M. Scholes and J. Williams, “Estimating betas from nonsynchronous data”, Journal of Financial Economics 5: 309–327, 1977.
Now, the regular 5-minute series part:
as.numeric(as.POSIXct("1970-01-01 03:00:00")) # 0; starting point for ZERO seconds. "1970-01-01 03:01:00" equals 60.
as.numeric(as.POSIXct("2017-06-01 00:00:00")) # 1496264400
# Passed seconds after the first observation in the dataset
PassedSecs <- as.numeric(as.POSIXct(LowFrqData$X2)) - 1496264400
LowFrq5minuteRaw <- cbind(LowFrqData, PassedSecs, stringsAsFactors=FALSE)
LowFrq5minuteRaw
X1 X2 X3 x4 PassedSecs
1 GBP/USD 2017-06-01 00:00:00 1.287550 1.287615 0
2 GBP/USD 2017-06-01 00:00:01 1.287530 1.287573 1
3 GBP/USD 2017-06-01 00:00:02 1.287570 1.287600 2
4 GBP/USD 2017-06-30 20:59:52 1.300930 1.303000 2581192
5 GBP/USD 2017-06-30 20:59:54 1.301105 1.303450 2581194
6 GBP/USD 2017-06-30 20:59:56 1.301453 1.304487 2581196
5 minutes means 5*60=300 seconds. So, "having same Quotient in Division to 300" groups the observations in 5-minute intervals.

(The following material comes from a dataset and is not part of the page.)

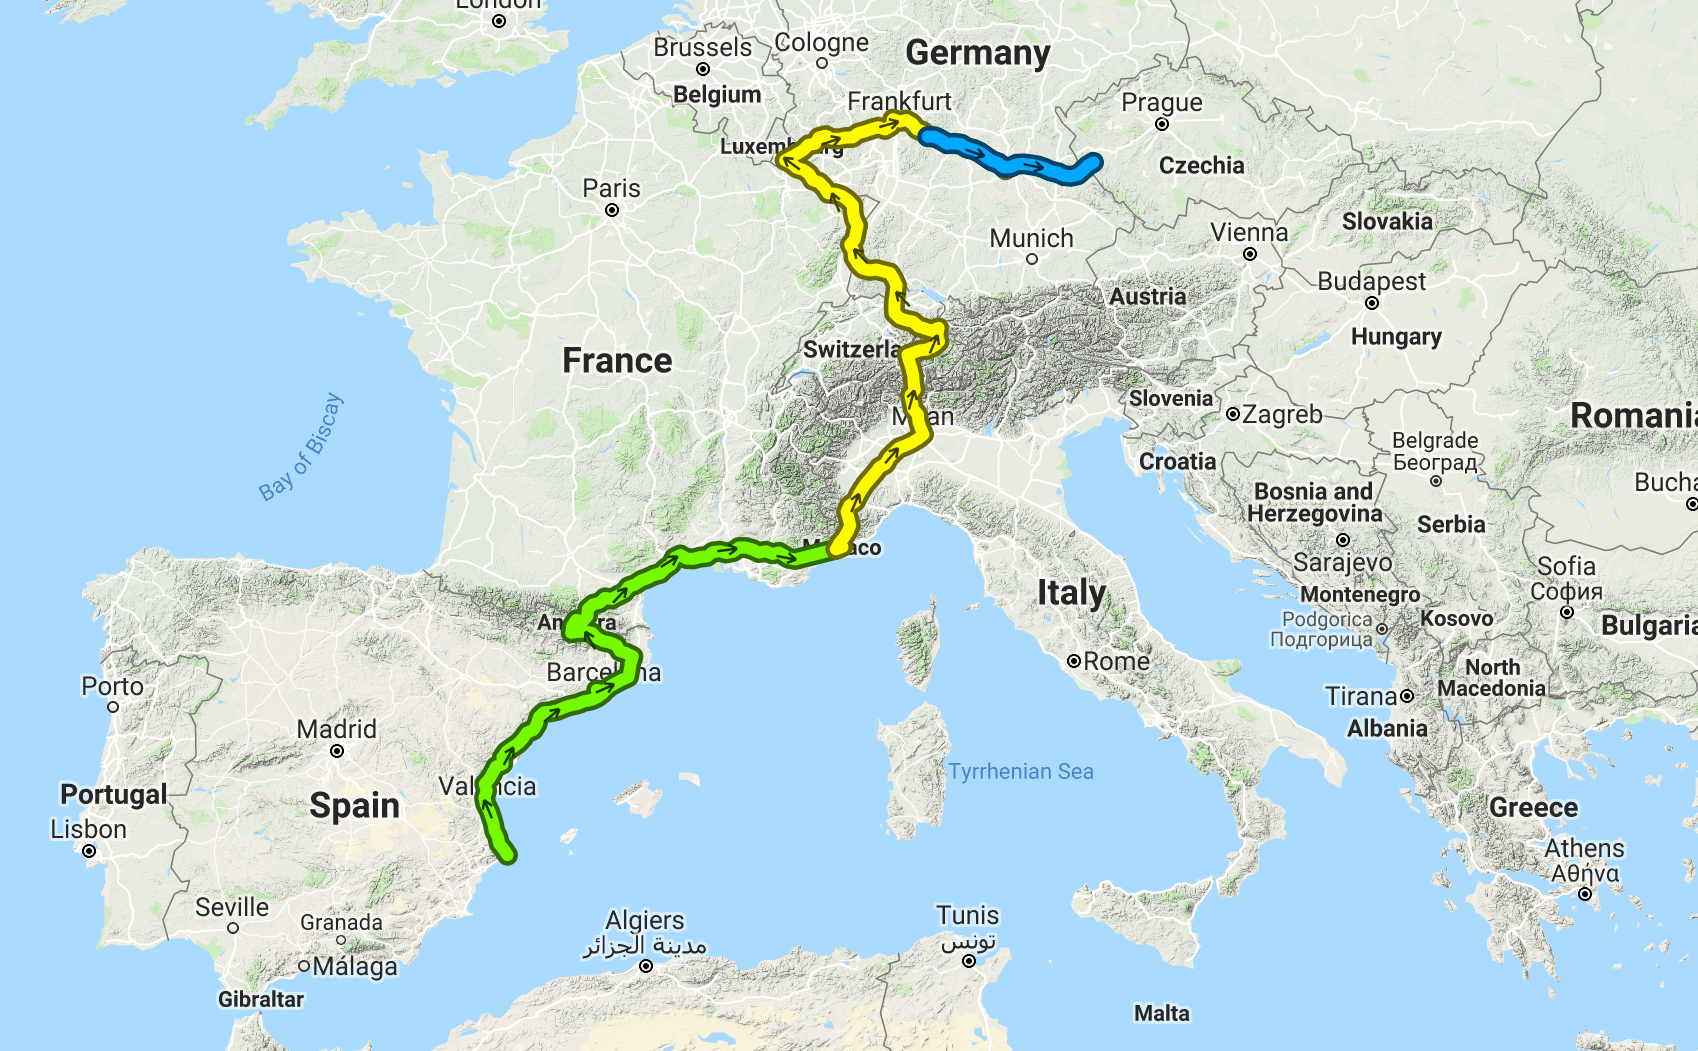 Progress from Spain to Germany in the least direct route

LowFrq5minuteRaw2 <- cbind(LowFrqData, PassedSecs, QbyDto300 = PassedSecs%/%300, stringsAsFactors=FALSE)
LowFrq5minuteRaw2
X1 X2 X3 x4 PassedSecs QbyDto300
1 GBP/USD 2017-06-01 00:00:00 1.287550 1.287615 0 0
2 GBP/USD 2017-06-01 00:00:01 1.287530 1.287573 1 0
3 GBP/USD 2017-06-01 00:00:02 1.287570 1.287600 2 0
4 GBP/USD 2017-06-30 20:59:52 1.300930 1.303000 2581192 8603
5 GBP/USD 2017-06-30 20:59:54 1.301105 1.303450 2581194 8603
6 GBP/USD 2017-06-30 20:59:56 1.301453 1.304487 2581196 8603
indices2 <- seq_along(LowFrq5minuteRaw2[,6])[!(duplicated(LowFrq5minuteRaw2[,6]))] # 1 4; the beginnings of groups
LowFrq5minute <- data.frame(X1=c("GBP/USD"), X2=LowFrq5minuteRaw2[indices2,2], X3=aggregate(LowFrqData[,3] ~ QbyDto300, LowFrq5minuteRaw2, mean)[,2], X4=aggregate(LowFrqData[,4] ~ QbyDto300, LowFrq5minuteRaw2, mean)[,2])
LowFrq5minute
X1 X2 X3 X4
1 GBP/USD 2017-06-01 00:00:00 1.287550 1.287596
2 GBP/USD 2017-06-30 20:59:52 1.301163 1.303646
X2
is holding the timestamps of 1st occurences of the representatives of 5-minute obs lying on the intervals.